Regulators are “aware that patients have already received devices with silicone-based foam as part of the repair-and-replace program,” the FDA said. “At this time, the agency does not have sufficient information to conclude whether the silicone-based foam being used in the repaired devices poses any risk to patients in the US.”

People can still use devices with the new foam while the independent testing is carried out, the FDA said.

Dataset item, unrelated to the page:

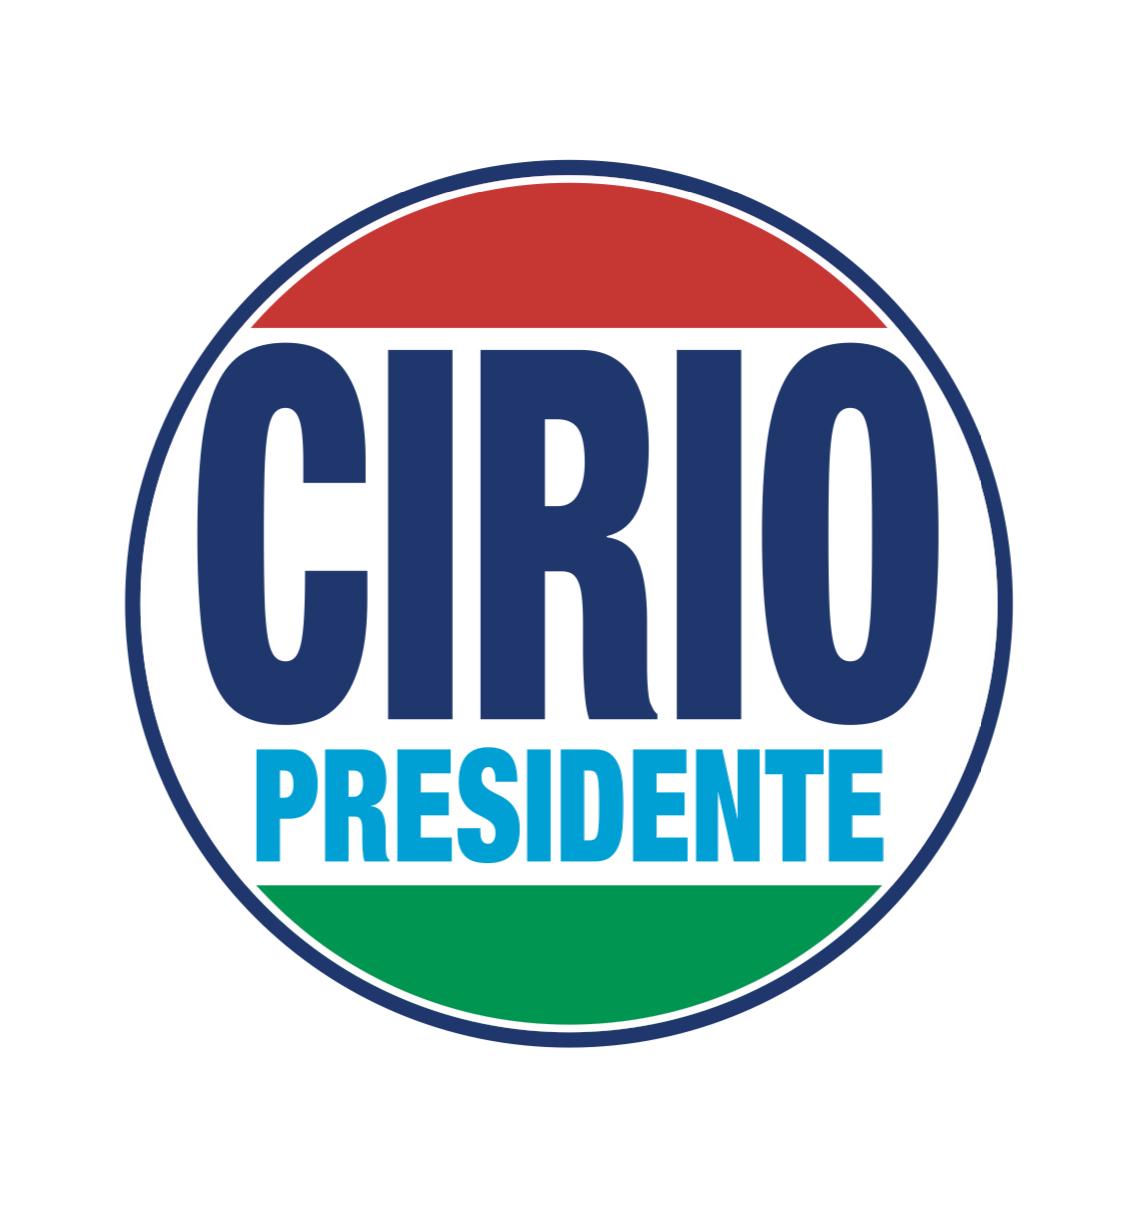 logociriopresidente

The regulators “reached this determination based on an overall benefit-risk assessment. At this time, the agency has determined that discontinuing use of one of these devices may be more harmful to a patient’s health and quality of life,” the FDA said. “The results from the independent testing are needed to determine if the silicone-based foam used in the repaired devices does in fact present any risks to patients, and the FDA will communicate those results to the public as soon as they are available.”

Royal Philips CEO Frans van Houten said in a 14 November statement that the device maker “will work closely with the FDA to clarify and follow up on the inspectional findings and its recent requests related to comprehensive testing. Until we have concluded these discussions, we are not able to publicly provide further details on these responses.”